Good Morning Barbara & Fellow Nature Adorers,
The other morning I returned to the Fox Park trees, because the day before the trees had been humming with bird rustles and chirps but it was overcast & gloomy. This condition is hideous for me, because everything turns gray and flat. For the world of me, I can’t tell if I am looking at a leaf or a bird unless the bird sits right in front of me. My return was greeted by a sunny bird poor scenery. I decided to leave the bird barren Fox Park and head upstream. There were a few migratory LESSER GOLDFINCHES harvesting the tule seeds and the ground feeding WHITE- and GOLDEN-crowned SPARROWS were out-doing themselves with their hilarious soil-scratch dance, hopping around on their pink translucent legs.
I caught sight of a group of sleeping birds on the river with their heads partially hidden underneath their wings. Their perky tails gave them instantly away as RUDDY DUCKS. They are one of our many winter guest species: a small, diving DUCK, who feeds at night and sleep-floats during the day. They come from the inland of Canada and some prefer to winter in Mexico. The sleepy drifters kept their heads tucked in, but would open one eye, look at me, close their eye again and return to Morpheus arms. The nosey AMERICAN COOTS just had to satisfy their curiosity and swam right into the middle of the clustered newcomers. The RUDDY DUCKS raised their heads, stared intently at the white beaked intruders, who realized they were not welcome and quickly rowed away. Then I focused on the trees, but they weren’t hosting any birds. Later on I told my birding friend about this experience and he said that his fall walks are filled with bird feast or famine presence. Have you encountered that same ‘Where are they?” sensation?
My long time friend visited me and I schlepped her to the river outlook on Thursday, because I wanted to check on the old river mouth where the day before a bulldozer had moved sand to the side. We saw a real narrow berm that begged to be breached. And indeed: when we returned on Friday the river was drained. Together we stared at the changed scenery, the HEERMANN’S gulls and wondered what had happened.
A few days later I found out what had happened from a river compadres: Friday morning the berm was a sliver and a group of people discussed how easy it would be to breach it. A surfer couldn’t take the temptation any longer, went down to the river mouth, dug a channel with his hands through the thin berm, the water couldn’t resist the offer to flow and thus the river was drained…Now this part stunned me: supposedly a City employee left when the surfer started digging, because he couldn’t watch it and nobody reported the illegal, broad daylight breaching.

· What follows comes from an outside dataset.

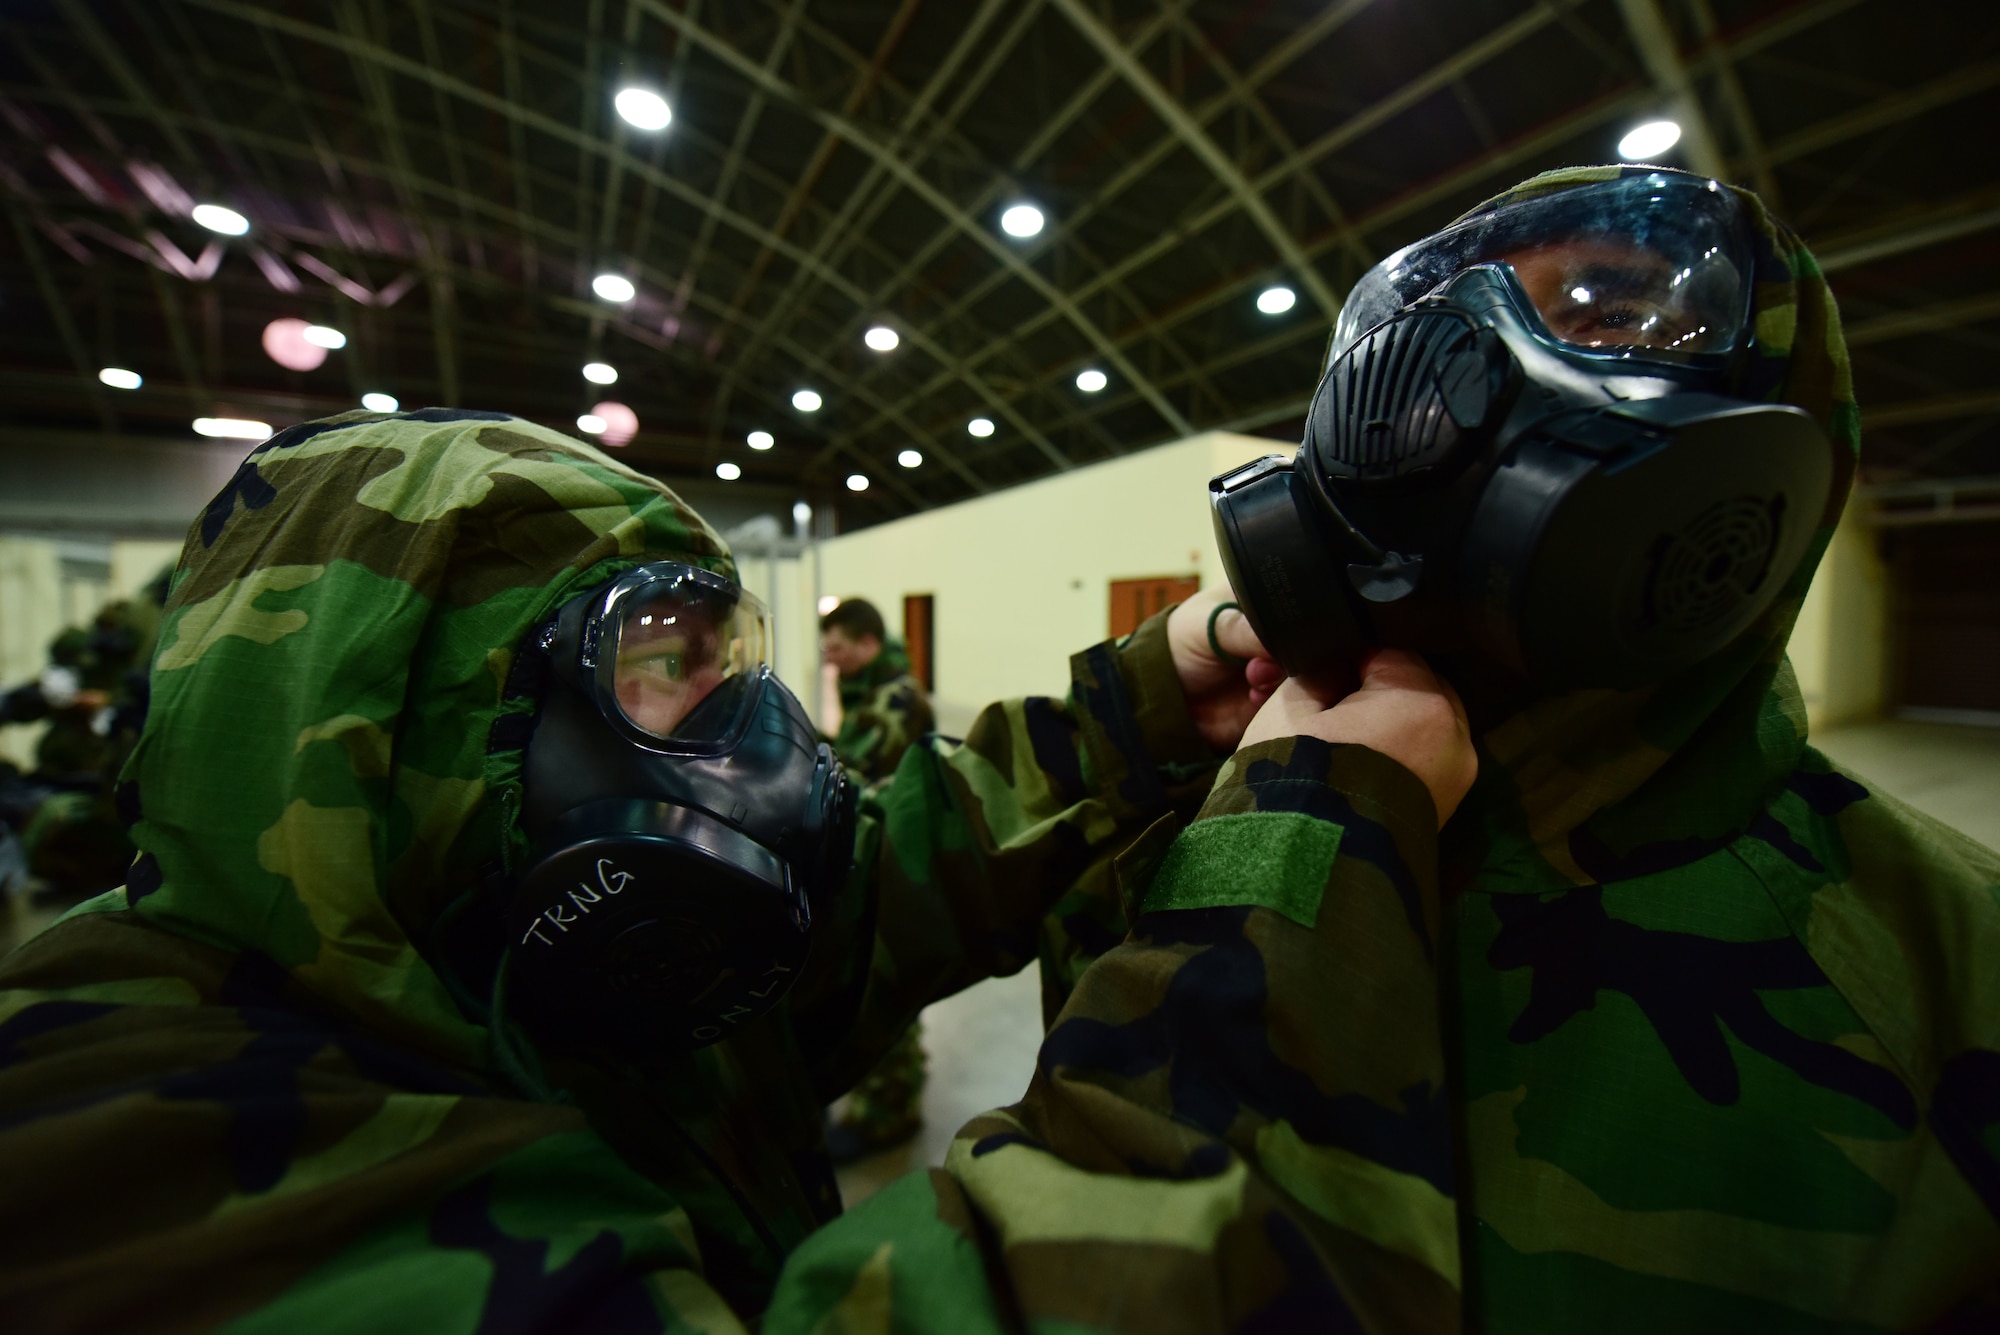 Airmen don M50 gas masks during Ability to Survive and Operate training May 24, 2019, at Incirlik Air Base, Turkey. The M50 gas mask is designed to protect against chemical, biological and radiological environments. (U.S. Air Force photo by Tech. Sgt. Jim Araos)

Last week was just stuffed with campaign buzz and frenzy as you well know. I admire your élan, vim and vigor that you apply to the causes and candidates, dear and important to your heart and soul. In our current political situation voting is a necessity to save our moral sanity, the environment and a balanced future. Thank haven I can go to the river and visit that old time friend, who gifts me zany surprises and links me back into the present moment. I slip off the ‘worrying coat, slip on the ‘observation cap’ and smile once again at the Bufflehead’s quirky landing.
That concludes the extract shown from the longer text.